Abstract
At low Reynolds numbers, the variable flexibility of flapping insect wings is considered essential in improving the favorable aerodynamic forces. To further explore whether significant aerodynamic coupling exists between the microstructure and passive flexible deformation, this paper proposes three technical comparison airfoils: a corrugated wing with deformation, a symmetric flat plate wing with deformation, and a corrugated wing without deformation. Based on STAR-CCM+ software, this paper numerically solves the Navier-Stokes equations using the fluid-structure interaction method. The results show that the aerodynamic performance of the flexible corrugated wing is better than that of the rigid corrugated wing, and its lift and thrust are both improved to a certain extent, and the thrust efficiency of the flexible corrugated wing is significantly higher than that of the flexible flat plate. Although the thrust is improved, a part of the lift is lost, and as the flapping amplitude increases past 35°, the disparity gradually increases.
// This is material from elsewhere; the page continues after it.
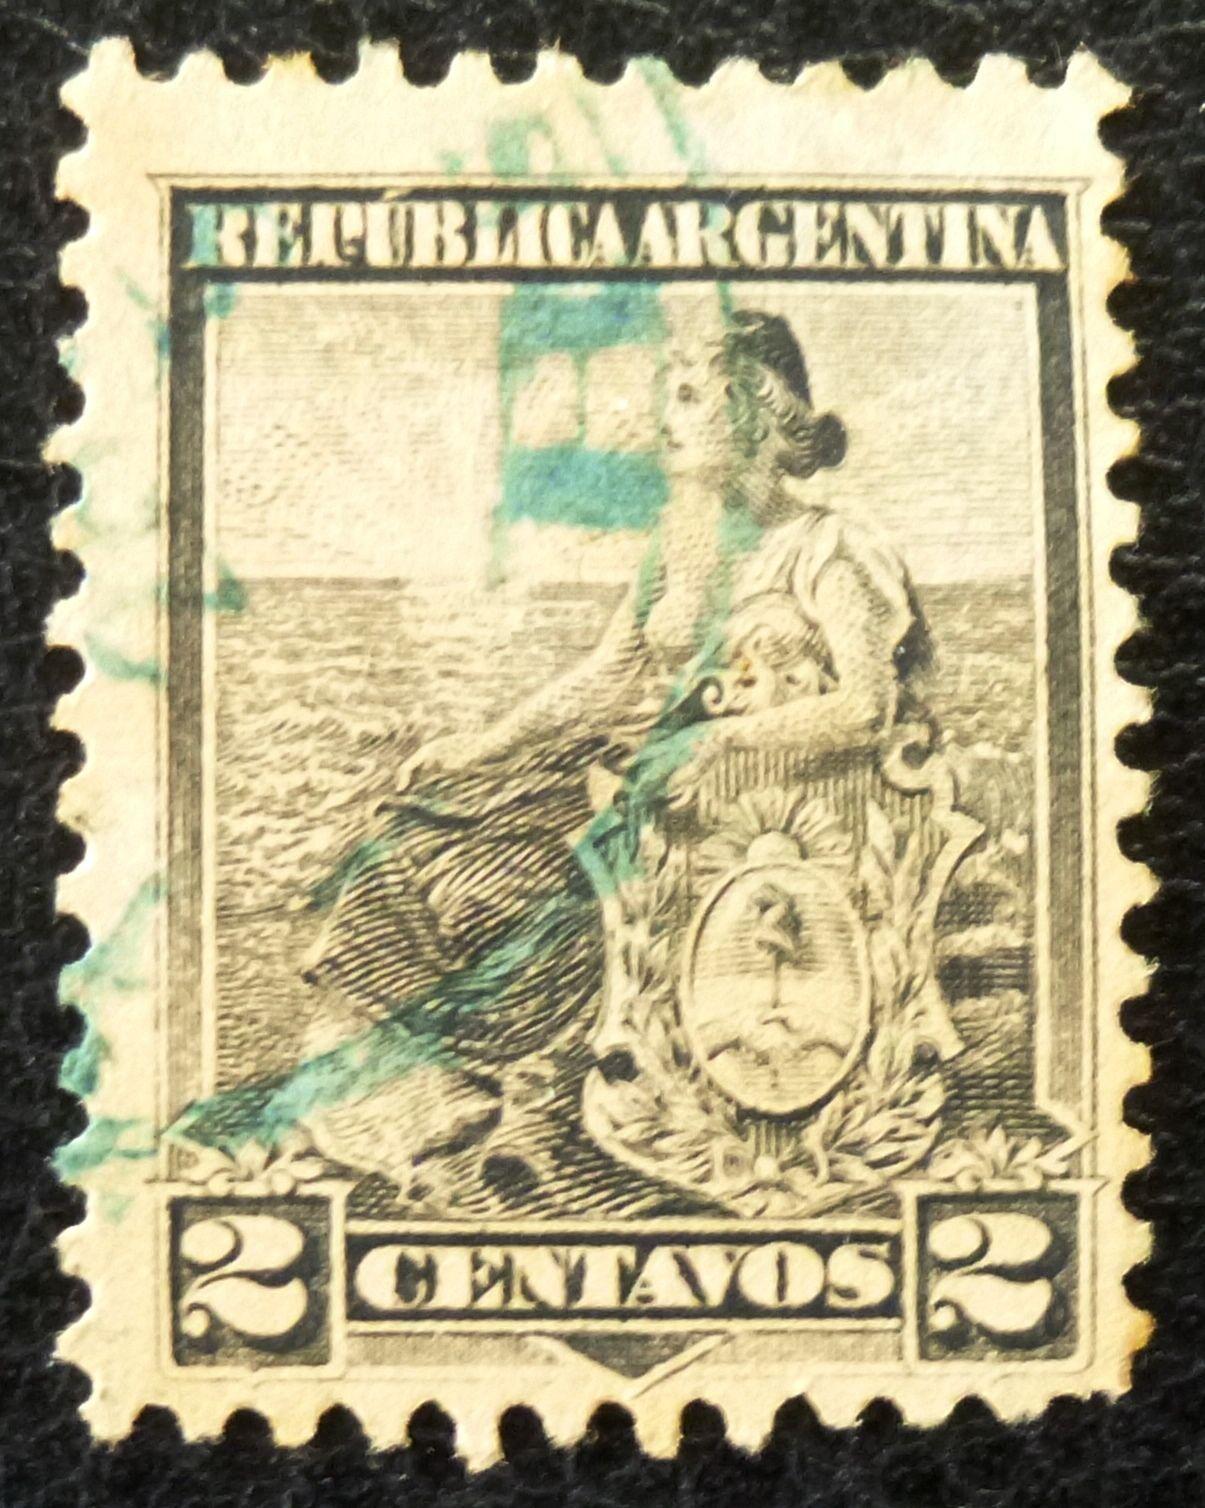 Hot Sale Old Argentine Republic Stamp Argentina

A comparison of the flexible technical airfoils shows that the corrugated structure promotes thrust and retards lift, which is closely related to the formation and dissipation of strong vortex rings during the downstroke phase. On the premise of maintaining typical flapping without falling, dragonflies can fly with skillful efficiency by adjusting the way they flap their wings. The results of this work provide new insight into the formation and role of thrust in flapping maneuvering flight and provide a specific reference for developing new bionic flapping-wing aircraft.
摘要
在低雷诺数下, 拍动昆虫翅膀的可变灵活性被认为是提高有利空气动力的必要条件. 为了进一步探讨微结构与被动柔性变形之间是否存在显著的气动耦合, 本文提出了三种技术对比翼型: 变形的波纹翼、变形的对称平板翼和无变形的波纹翼. 本文基于STAR-CCM+软件, 采用流固耦合法对Navier-Stokes方程进行数值求解. 结果表明, 柔性波状翼的气动性能优于刚性波状翼, 其升力和推力均有一定程度的提高, 柔性波纹翼的推力效率明显高于柔性平板翼. 虽然推力提高了, 但也损失了一部分升力, 随着扑动幅度增加超过35°, 差距逐渐增大. 柔性技术翼型的对比表明, 褶皱结构促进推力并阻滞升力, 这与下冲程阶段强涡环的形成和消散密切相关.蜻蜓在保持典型的拍打不坠落的前提下, 通过调整拍打翅膀的方式, 可以高效地飞行. 该工作成果为扑翼机动飞行中推力的形成和作用提供了新的认识, 为研制新型仿生扑翼飞行器提供了具体参考.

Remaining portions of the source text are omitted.